Python: Extracting HTML Data with Python

Overview

This post demonstrates how to use Python, along with libraries like requests and BeautifulSoup, to scrape web data. We’ll extract the Kubernetes release calendar from the Amazon EKS official documentation. This method can be adapted to various data extraction tasks, making it a valuable tool for developers needing up-to-date information from websites.

Explanation with Inline Comments

import requests
from bs4 import BeautifulSoup

# Target URL from which to scrape the data
url = 'https://docs.aws.amazon.com/eks/latest/userguide/kubernetes-versions.html'
string = 'Amazon EKS Kubernetes release calendar'

# Sending a GET request to the URL
response = requests.get(url)
html_content = response.text  # Getting the text content of the response

# Parsing the HTML content
soup = BeautifulSoup(html_content, 'html.parser')

# Finding the specific section of the page by text string
heading = soup.find(string=string)

# Navigating to the next table after the heading
table = heading.find_next('table')

# Building an HTML table with borders
html_table = "<table border='1'>"
header_row = table.find('tr')
html_header_row = "<tr>"

# Loop through each header in the table and clean up the text
for header_cell in header_row.find_all('th'):
    html_header_row += f"<th>{header_cell.text.strip()}</th>"
html_header_row += "</tr>"
html_table += html_header_row

# Loop through each row in the table and append it to our HTML table string
for row in table.find_all('tr')[1:]:
    html_table += str(row)
html_table += "</table>"

# Output the HTML table to the console
print(html_table)

Scraping the Data

We start by importing the necessary libraries: requests for making HTTP requests and BeautifulSoup for parsing HTML content.

import requests
from bs4 import BeautifulSoup

Next, we specify the target URL from which we’ll scrape the data and define the string that indicates the section containing the release calendar.

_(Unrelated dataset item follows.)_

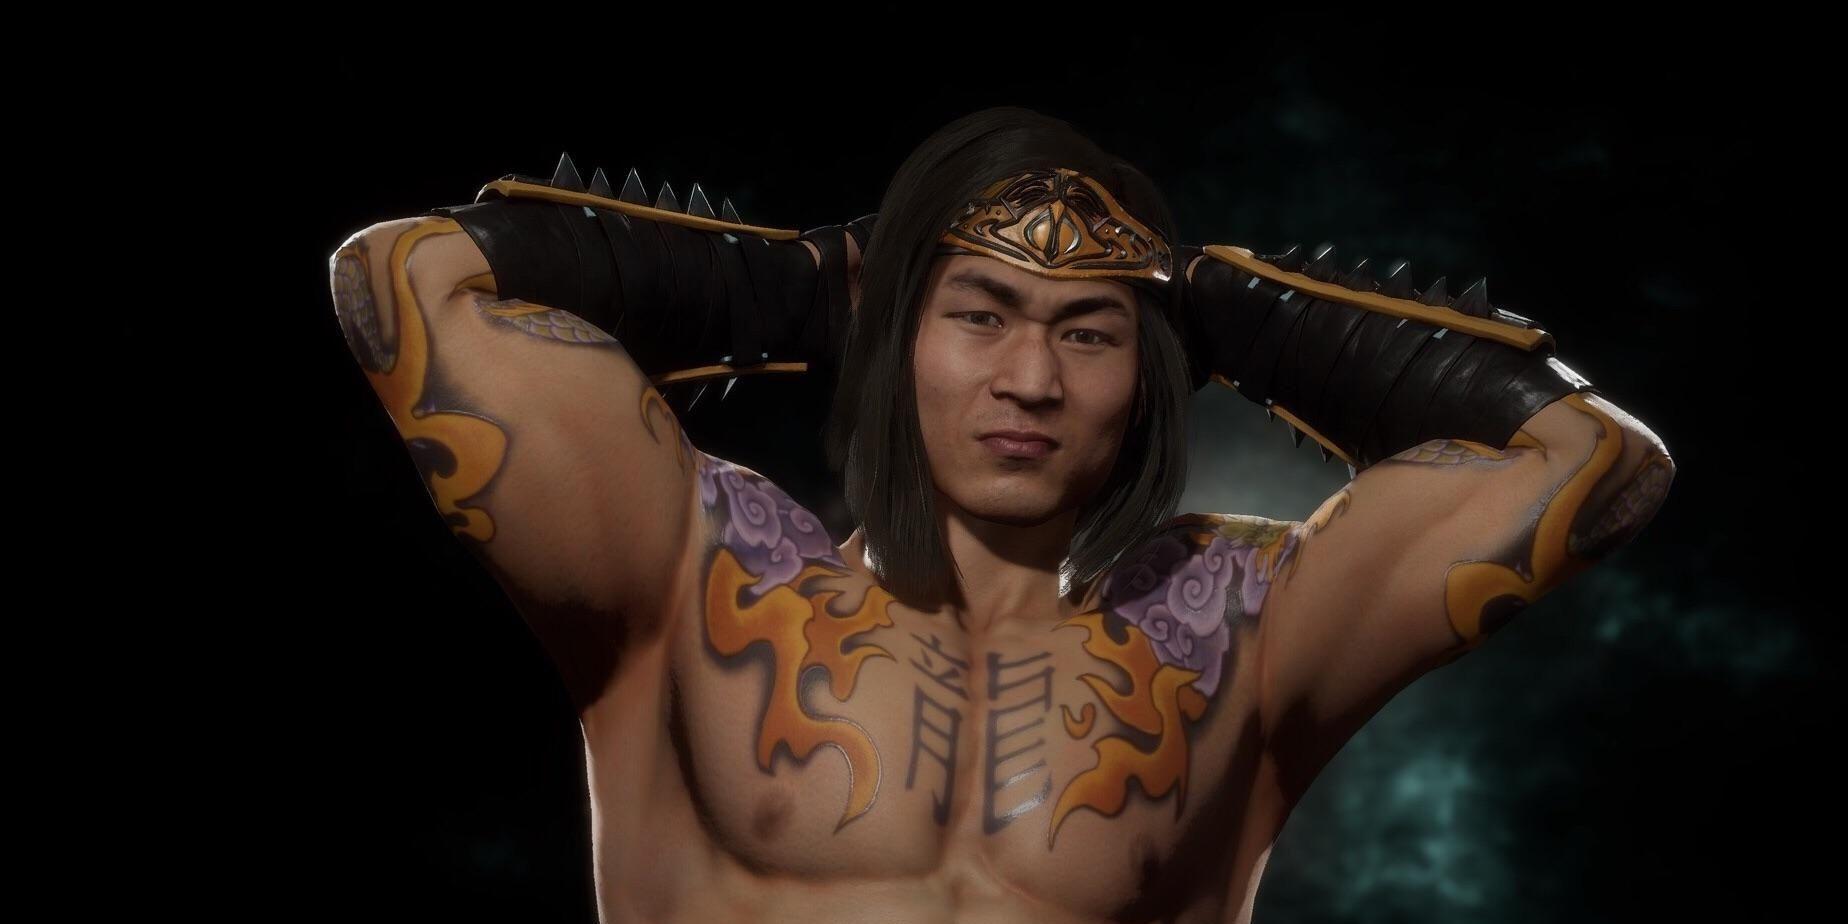 10 Coisas loucas que você não sabia sobre os personagens principais de Mortal Kombat 11 3

url = 'https://docs.aws.amazon.com/eks/latest/userguide/kubernetes-versions.html'
string = 'Amazon EKS Kubernetes release calendar'

We send a GET request to the URL and parse the HTML content using BeautifulSoup.

response = requests.get(url)
html_content = response.text
soup = BeautifulSoup(html_content, 'html.parser')

After parsing the HTML content, we locate the specific section of the page containing the release calendar by searching for the specified string.

heading = soup.find(string=string)

Once we’ve located the section, we navigate to the next table after the heading.

table = heading.find_next('table')

Building the HTML Table

To present the scraped data in a structured format, we construct an HTML table with borders.

html_table = "<table border='1'>"
header_row = table.find('tr')
html_header_row = "<tr>"

# Extracting and cleaning up table headers
for header_cell in header_row.find_all('th'):
    html_header_row += f"<th>{header_cell.text.strip()}</th>"
html_header_row += "</tr>"
html_table += html_header_row

# Extracting table rows and appending them to the HTML table string
for row in table.find_all('tr')[1:]:
    html_table += str(row)
html_table += "</table>"